The Atoka and Morrow boundaries are indefinite with present knowledge. Some geologists place the top of the Atoka at the base of the Davis Sand (Grayson County). The author has placed the top at an oolictic limestone (Lester?) midway between the Baker and Davis sands. (Westheimer believes the “Micaceous Sand” in the Ardmore Basin Dornick Hills correlates with the micaceous Harthshorne Sandstone of the Arkoma Basin and the David Sand of Grayson County. The sand correlated as Davis or “Micaceous” in the southeast Marietta Field is several hundred feet higher stratigraphically than the Davis Sand of Grayson County.)

A thick section of pre-Atokan appears northward as well as eastward from the mid-basin ridge.
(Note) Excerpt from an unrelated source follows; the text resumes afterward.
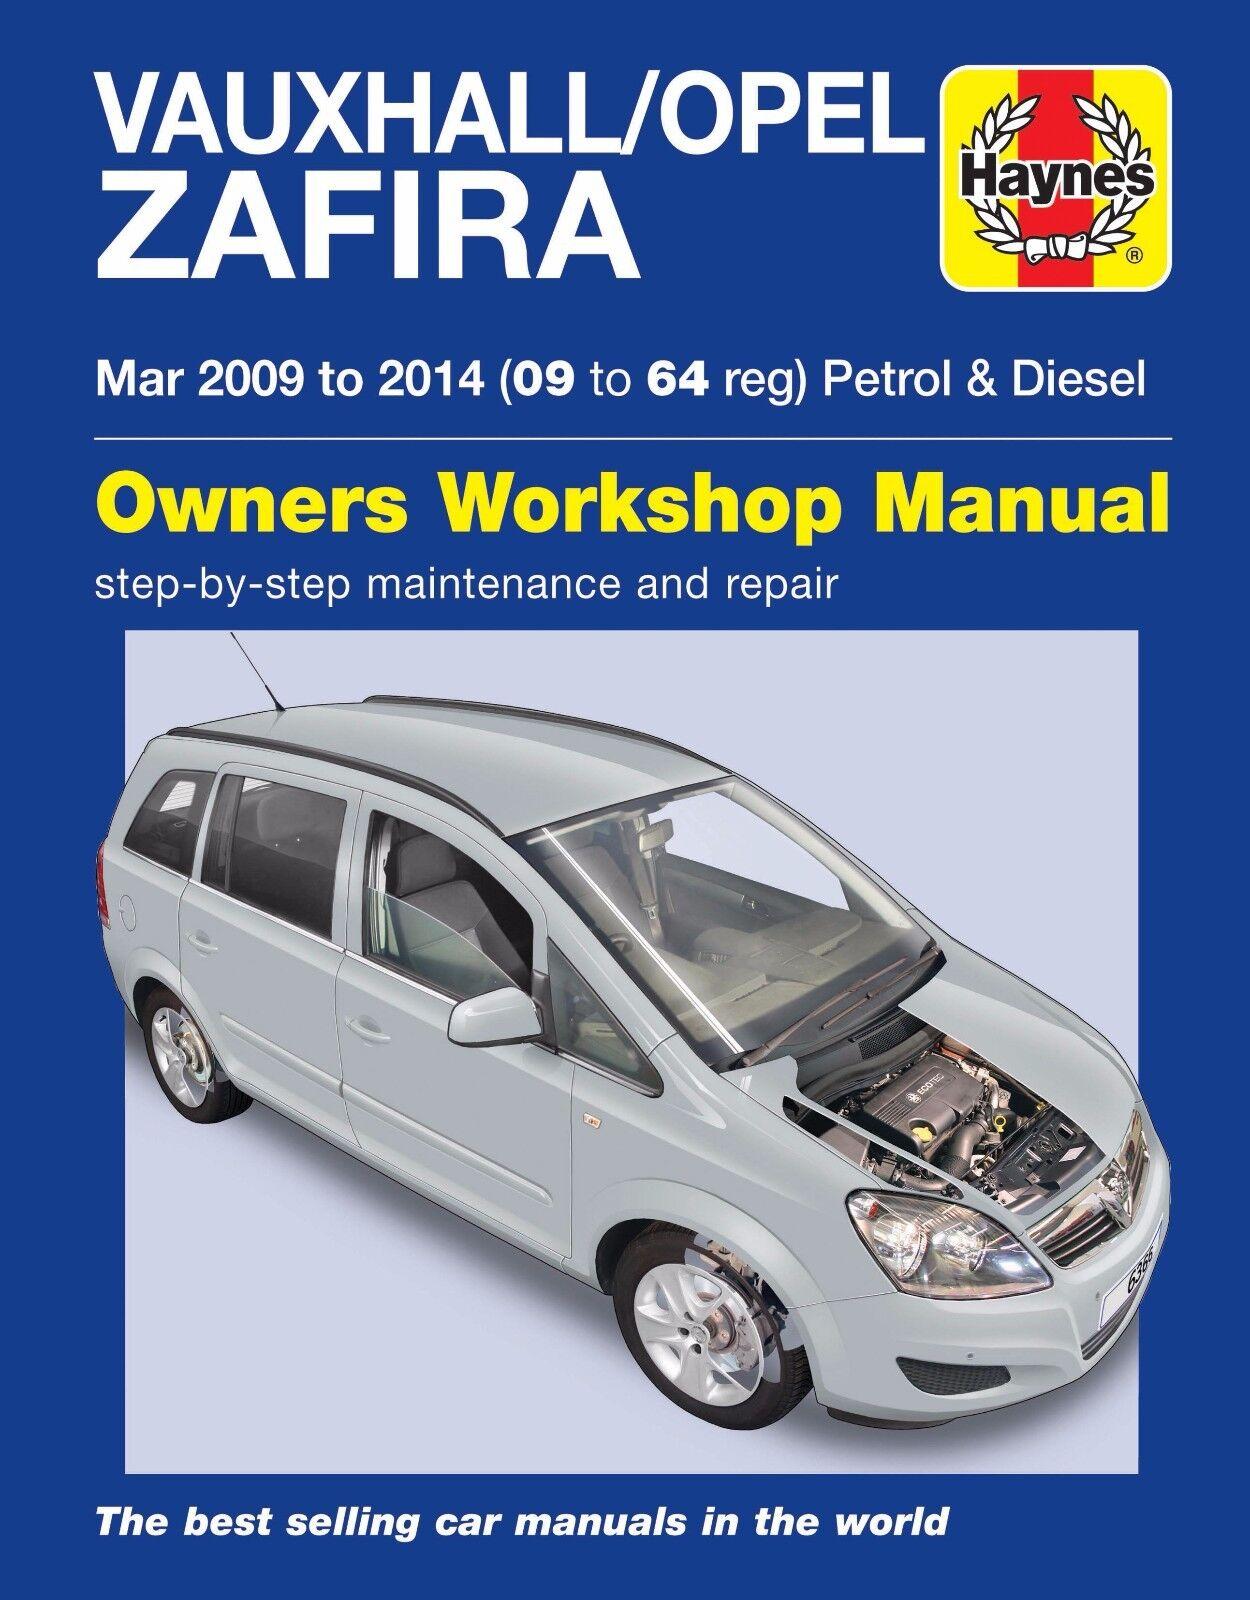 haynes manual 6366 vauxhall opel zafira 1 6 1 8 petrol 1 7 1 9 rh extensivefad top vauxhall zafira workshop manual vauxhall zafira workshop manual

This is believed to be mostly Morrowan-Lower Dornick Hills, Springer (Goddard?) and Caney. (The boundaries are indefinite and based on electrical log characteristics, guided by early sample work. Qualified determinations are necessary on later wells.)

Post-Atokan Dornick Hills likewise thickens eastward and northward in Grayson County, conversely thinning and disappearing southwestward against the lower faulted margin of the Muenster Uplift. The same components may be noted in the Des Moines or Strawn (Deesc), although the thickening here may be more related to the development of the present Gordonville Trough by foundering and filling during erosional destruction of the Ouachita Mountains.

More intense folding and thrust faulting, even deep within the basin, badly complicates structures and obscures stratigraphy due to loss of section. This loss of section is not due to non-deposition.